### EXERCISE DIRECTIONS
Output a character-exact copy of the data, images removed.

---------- EXERCISE DATA ----------

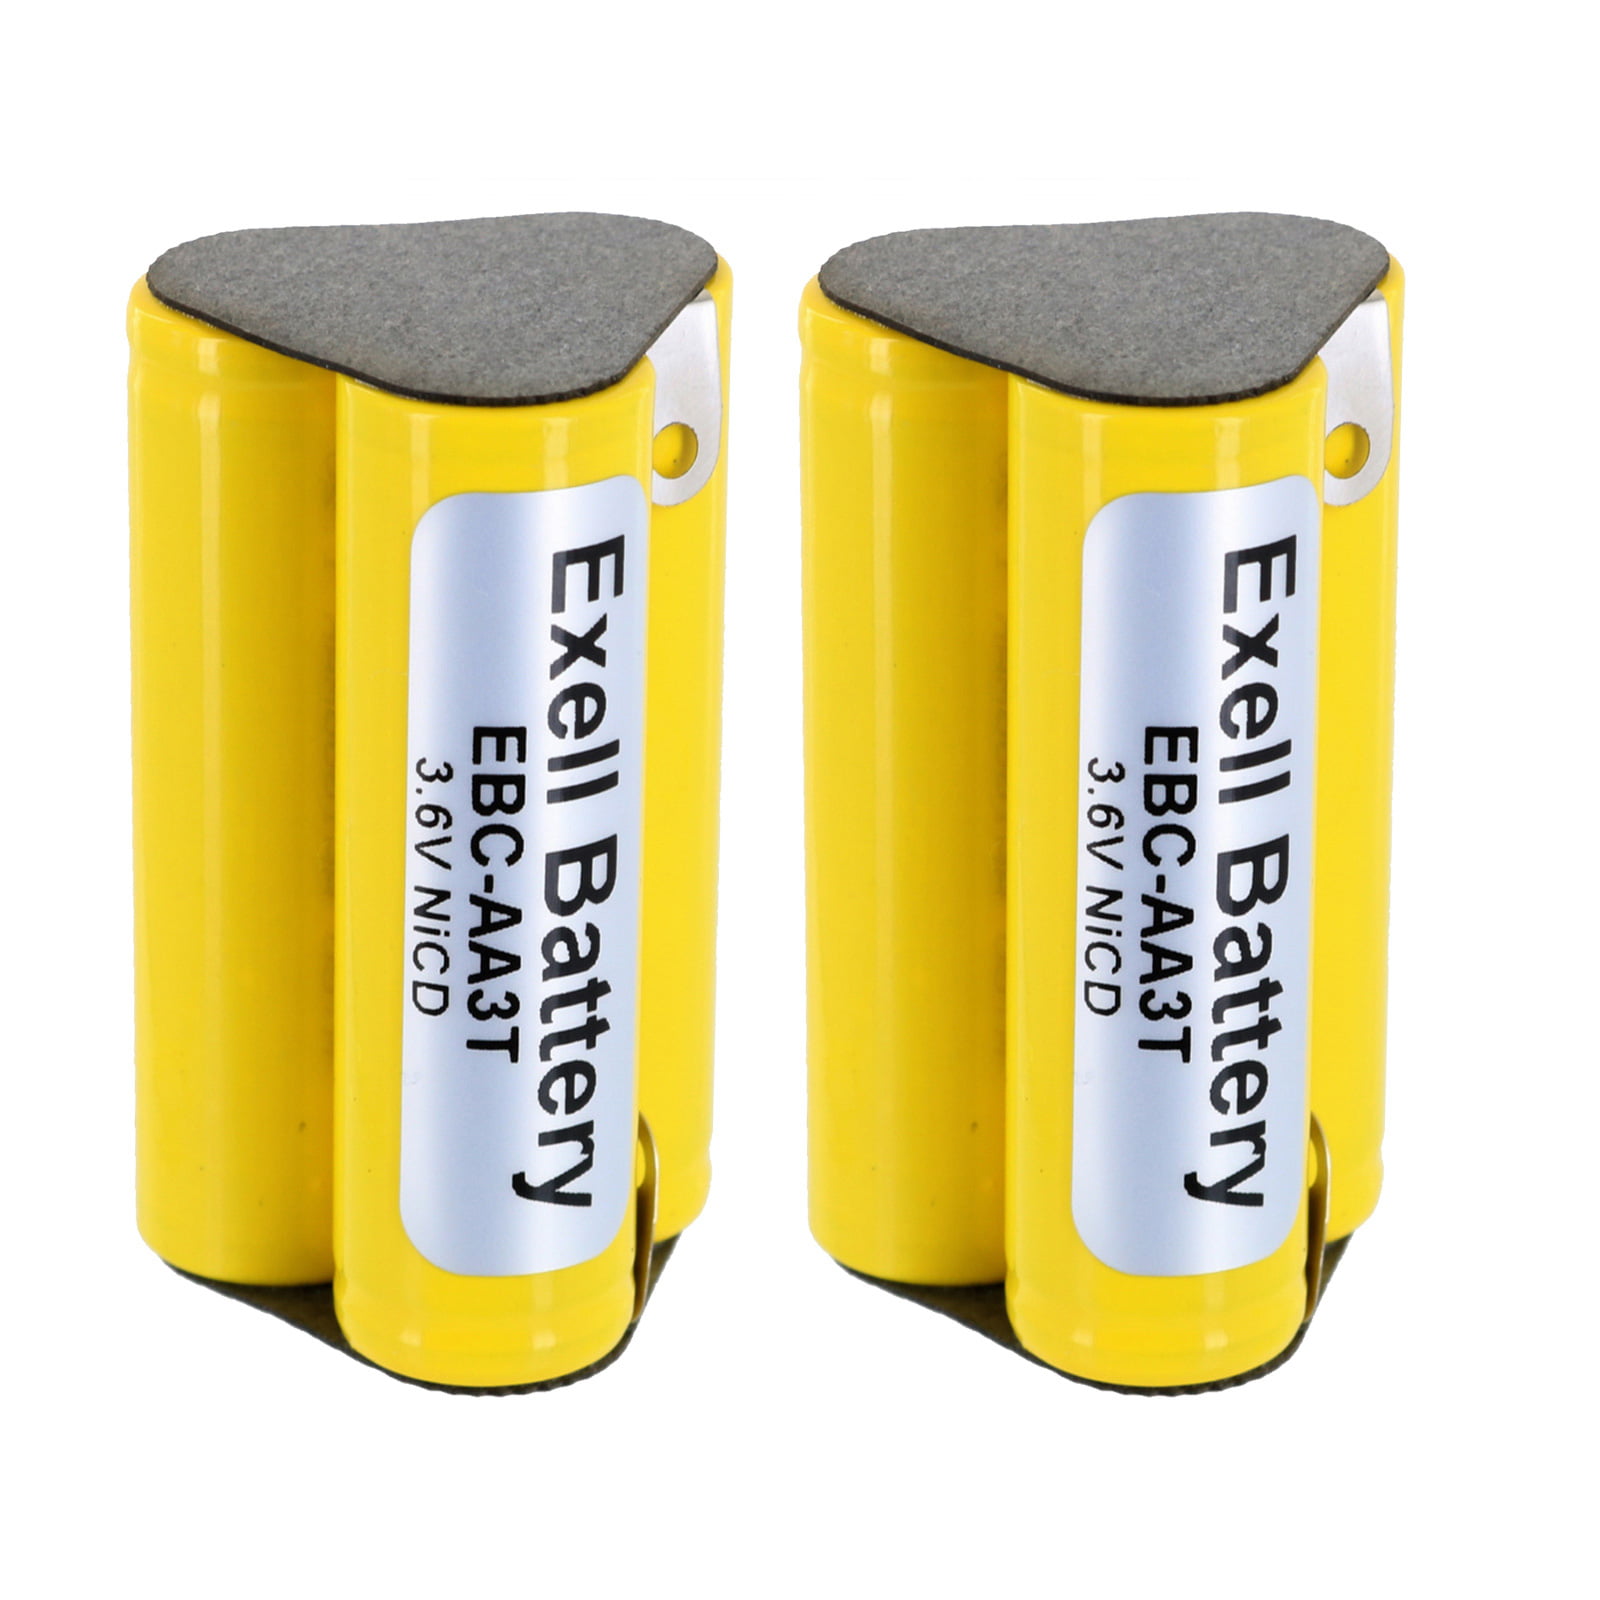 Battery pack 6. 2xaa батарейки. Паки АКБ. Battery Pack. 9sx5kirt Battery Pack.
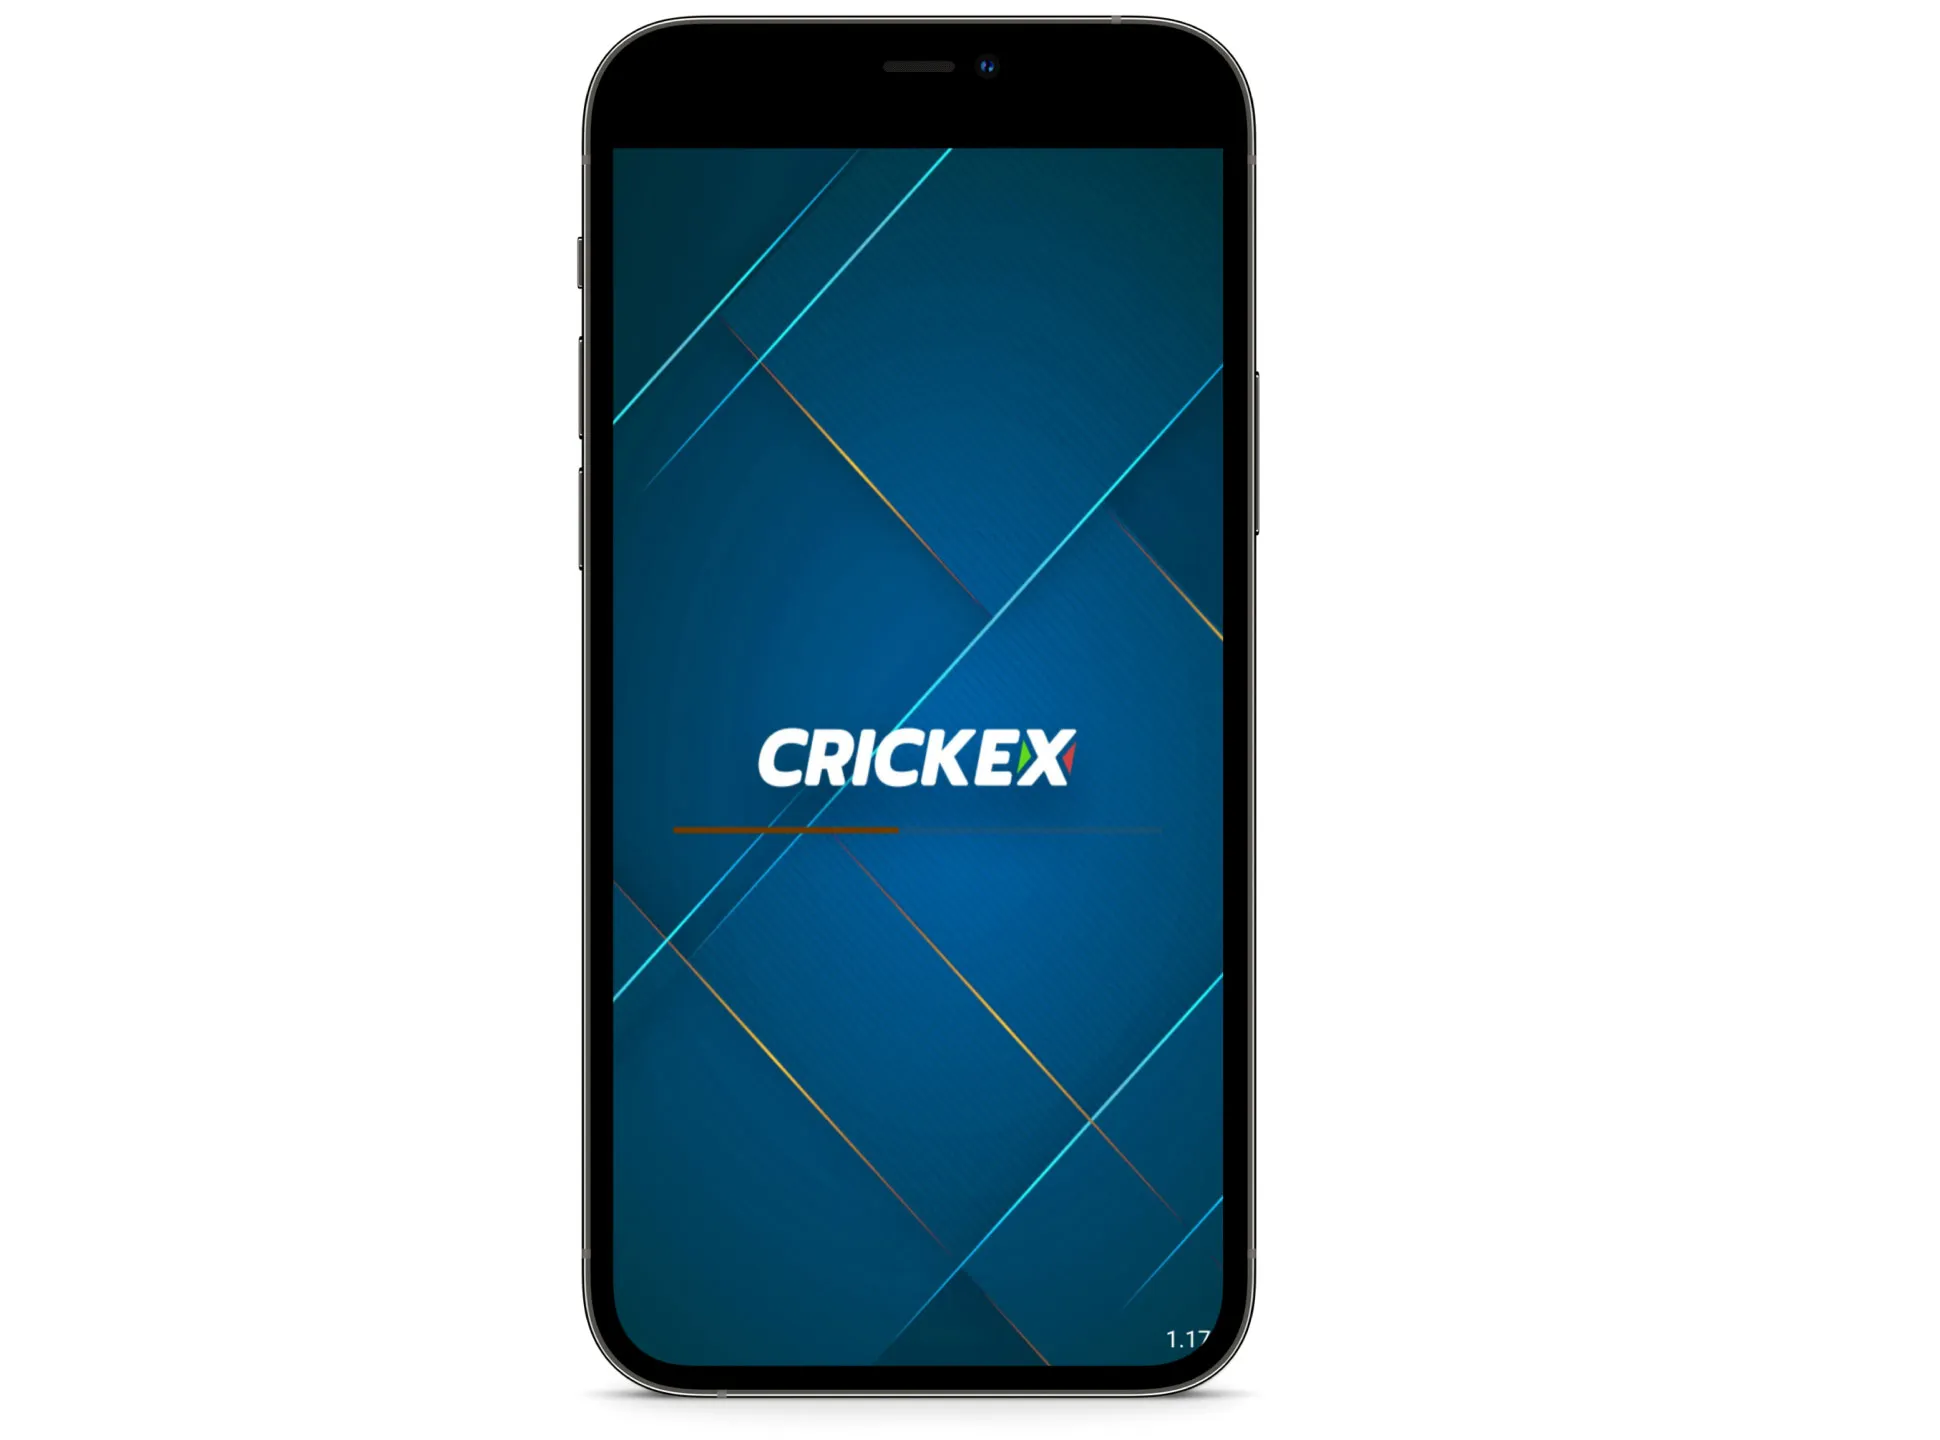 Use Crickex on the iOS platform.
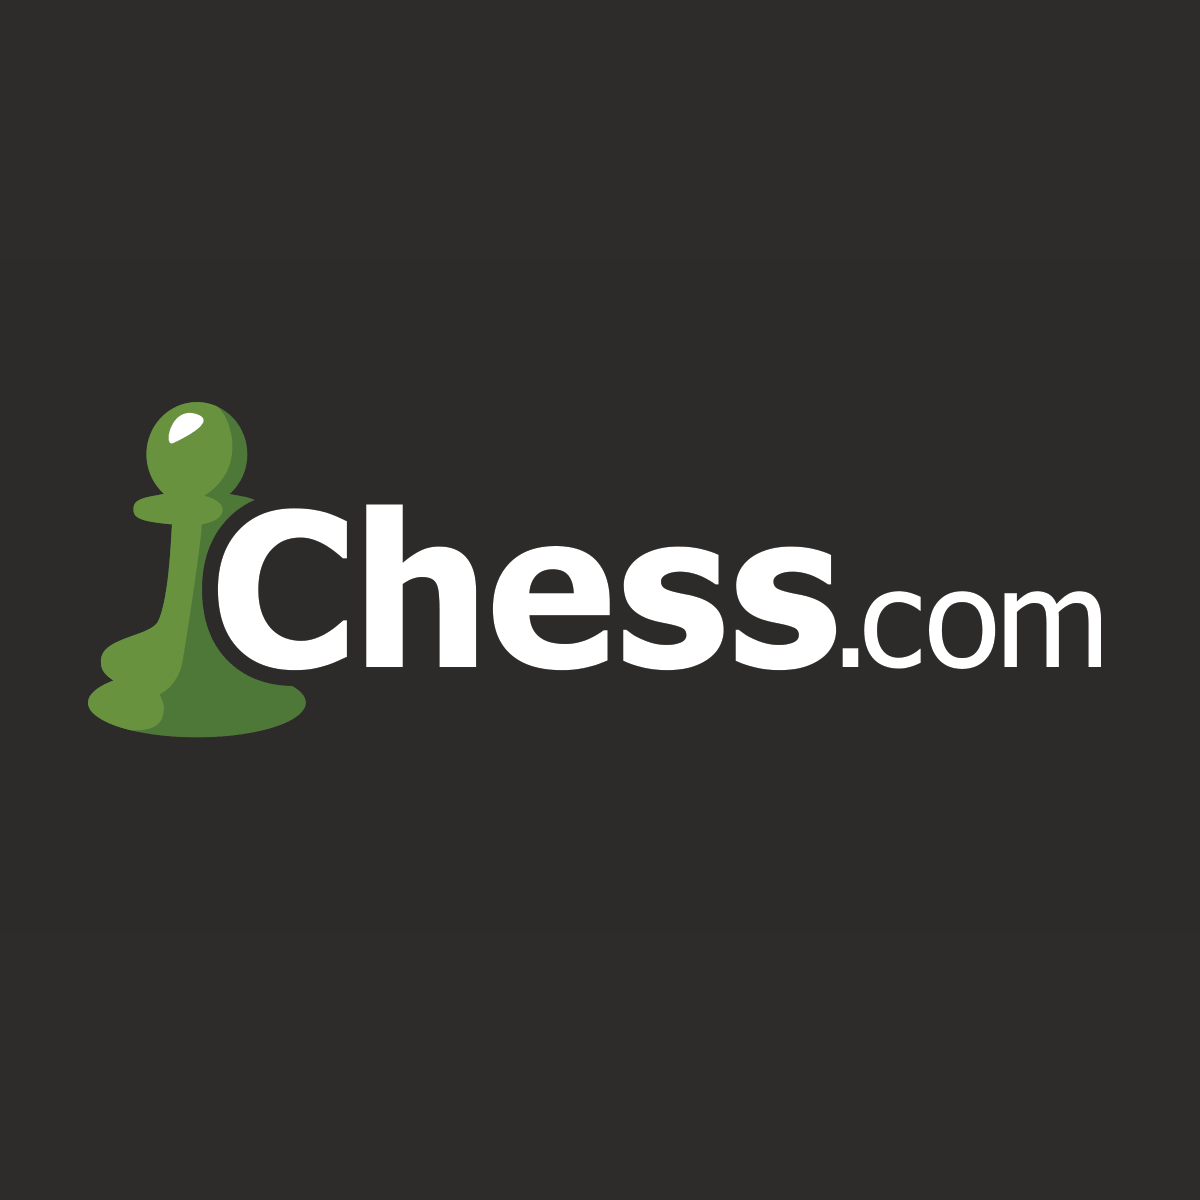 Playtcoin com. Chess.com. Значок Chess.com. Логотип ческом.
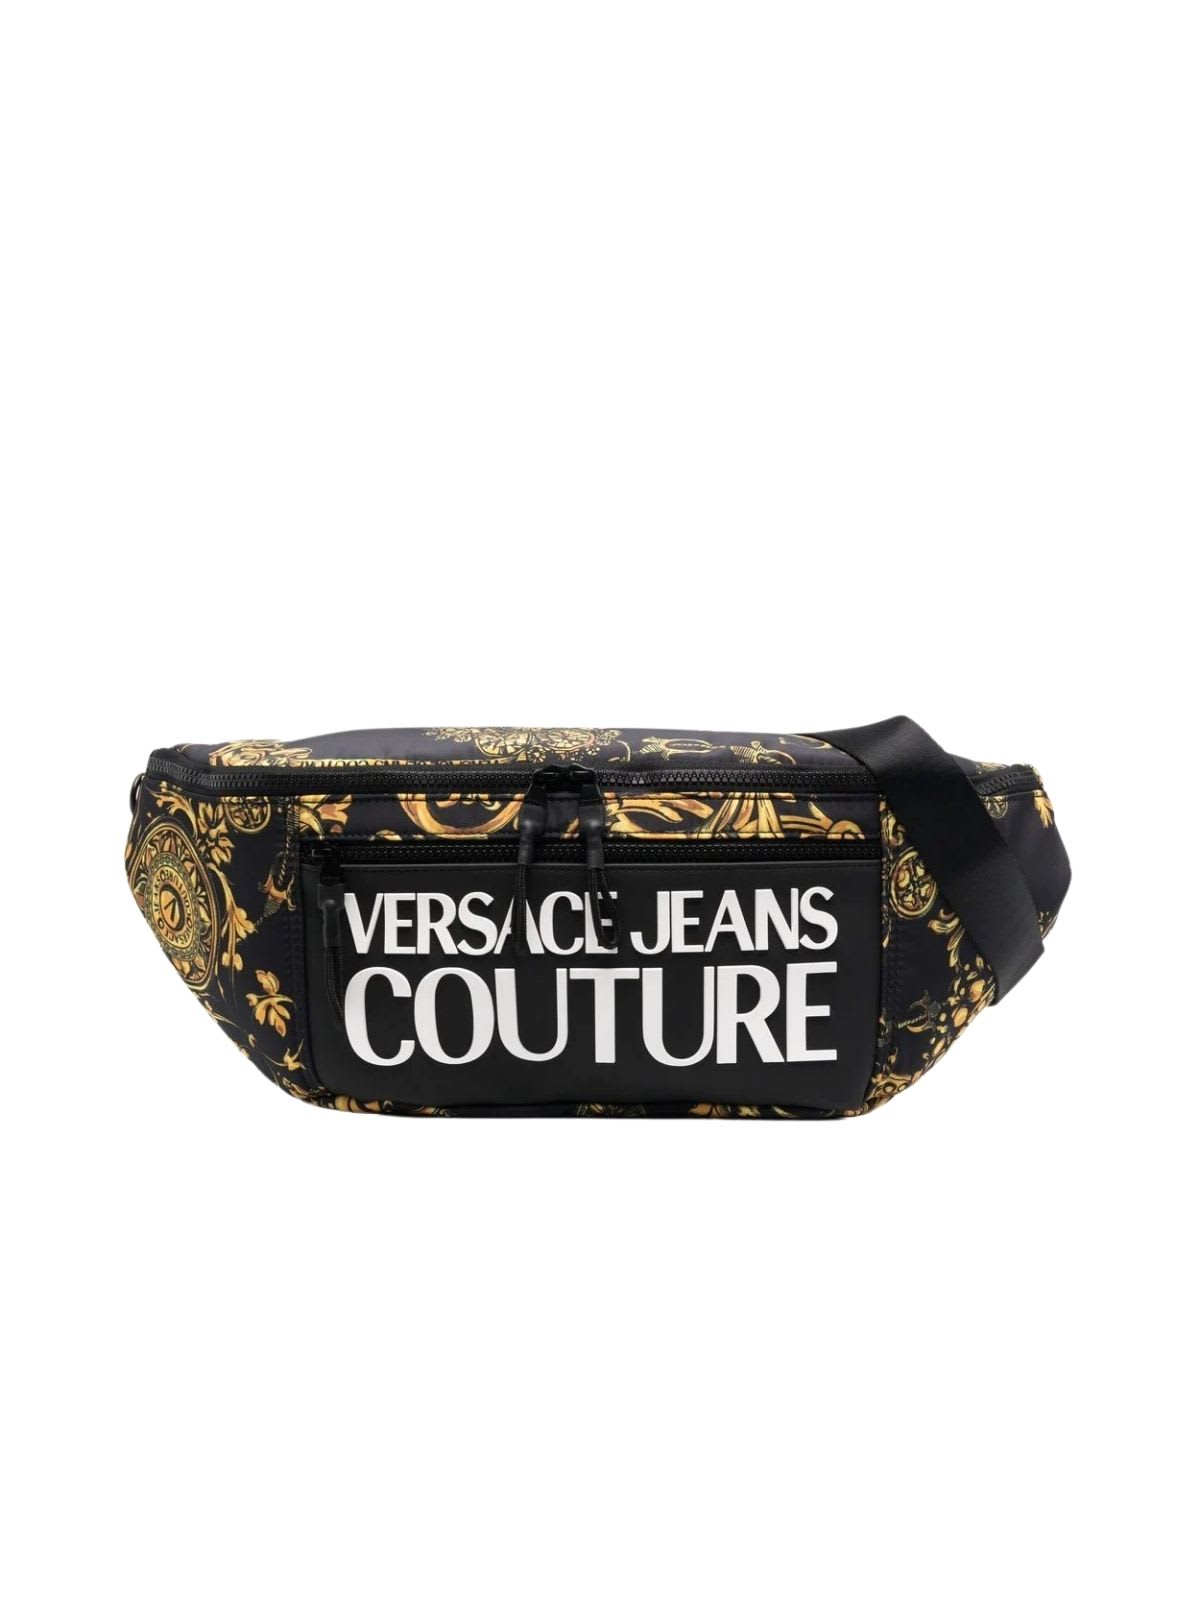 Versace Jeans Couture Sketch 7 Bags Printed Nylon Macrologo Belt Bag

----------

### RESPONSE BOX
 Battery pack 6. 2xaa батарейки. Паки АКБ. Battery Pack. 9sx5kirt Battery Pack.
 Use Crickex on the iOS platform.
 Playtcoin com. Chess.com. Значок Chess.com. Логотип ческом.
 Versace Jeans Couture Sketch 7 Bags Printed Nylon Macrologo Belt Bag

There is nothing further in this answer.